Complexity analysis Time complexity: O(n^2) Space complexity: O(1)
🌻C# method two: hash
Solution: Use hash table, save the detailed traversal: through the key-value pair to save the relationship between the array value and index, in the later search value (find target-nums[I]) can be found in one step, save the time to traverse the number group again.
public class Solution {
/ / method 2
public int[] TwoSum(int[] nums, int target) {
int[] result = new int[2];
Dictionary<int.int> dic = new Dictionary<int.int> ();for (int i = 0; i < nums.Length; i++) {
if (dic.ContainsKey(nums[i]))
{
dic[nums[i]] += 1;
}
else {
dic[nums[i]] = 0; }}for (int i = 0; i < nums.Length; i++)
{
if (nums.Contains(target - nums[i]))
{
result[0] = i;
result[1] = nums.ToList().FindIndex(item => item == target - nums[i]);
if (result[0] != result[1]) { break; }}}returnresult; }}Copy the code
Result Time: 272 ms; Memory consumption: 32.4 MB
🎋Java Method 1: Violence enumeration
Ideas and Algorithms
The easiest way to think about it is to enumerate each number x in the array and find if target-x exists in the array.

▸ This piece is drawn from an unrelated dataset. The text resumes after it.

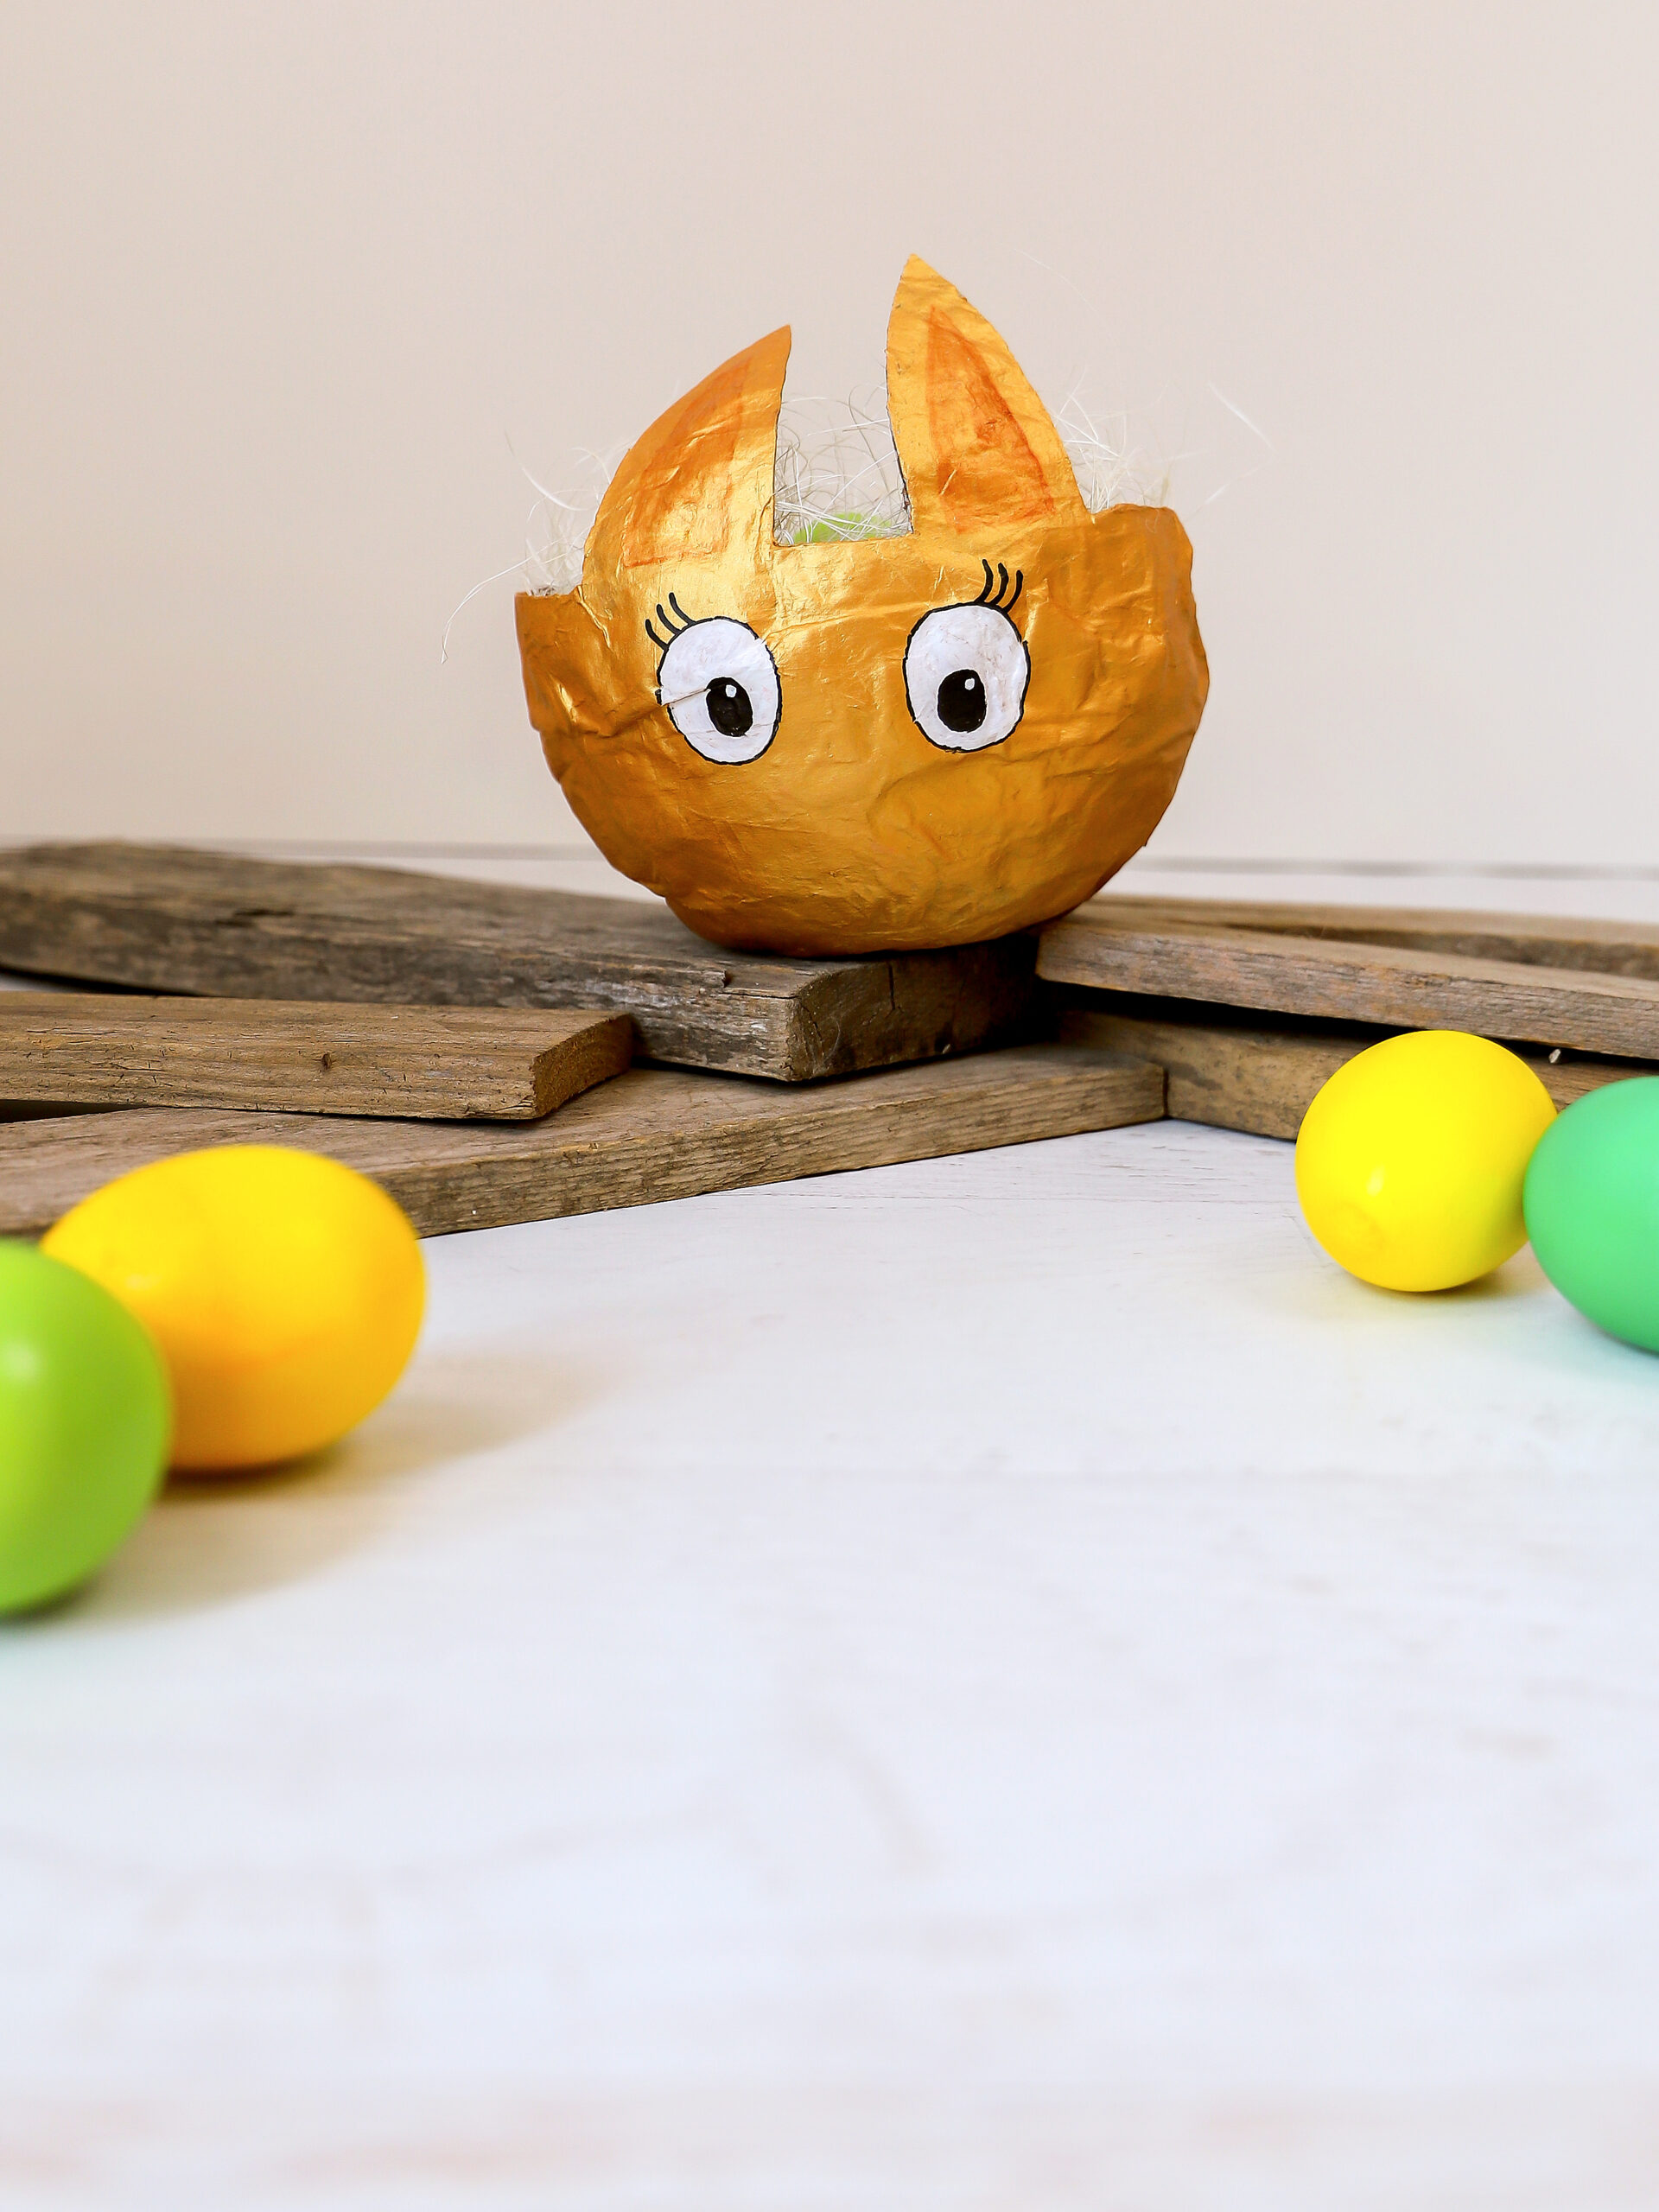 Hasen - Osterkorb mit Pappmaché kleistern | #bastelnmitkindern | von Fantasiewerk

When we look for target-x by walking through the array, we notice that every element before x has already been matched to x, so we don’t need to match any more. Each element can’t be used twice, so we just look for target-x in the element after x.
code
class Solution {
public int[] twoSum(int[] nums, int target) {
int n = nums.length;
for (int i = 0; i < n; ++i) {
for (int j = i + 1; j < n; ++j) {
if (nums[i] + nums[j] == target) {
return new int[]{i, j}; }}}return new int[0]; }}Copy the code
Result Time: 51 ms. Memory consumption: 38.6 MB
Complexity analysis Time complexity: O(N^2)O(N 2), where NN is the number of elements in the array. In the worst case, any two numbers in the array must be matched once. Space complexity: O(1)O(1).
🎋Java Method 2: Hash table
Ideas and Algorithms
Notice that the time complexity of method 1 is higher because the time complexity of finding target-x is too high. Therefore, we need a better way to quickly find out if there is a target element in an array. If it exists, we need to find its index.
Using a hash table, you can reduce the time complexity of finding target-x from O(N)O(N) to O(1)O(1).
So we create a hash table, and for each x, we first check if target-x exists in the hash table, and then we insert x into the hash table to ensure that x doesn’t match us.
code
class Solution {
public int[] twoSum(int[] nums, int target) {
Map<Integer, Integer> hashtable = new HashMap<Integer, Integer>();
for (int i = 0; i < nums.length; ++i) {
if (hashtable.containsKey(target - nums[i])) {
return new int[]{hashtable.get(target - nums[i]), i};
}
hashtable.put(nums[i], i);
}
return new int[0]; }}Copy the code
Result Execution time: 2 ms. Memory consumption: 38.6 MB
Complexity analysis Time complexity: O(N)O(N), where NN is the number of elements in the array. For each element x, we can find target-x O(1)O(1). Space complexity: O(N)O(N), where NN is the number of elements in the array. Mainly the overhead of the hash table.
💬 summary
- Today is the first day of buckle algorithm punch card, just started some strange, behind will be more and more skilled!
- This paper uses C# and Java programming languages to solve the problem
- Some methods are also written by the god of reference force buckle, and they are also shared while learning, thanks again to the algorithm masters
- That’s the end of today’s algorithm sharing, see you tomorrow!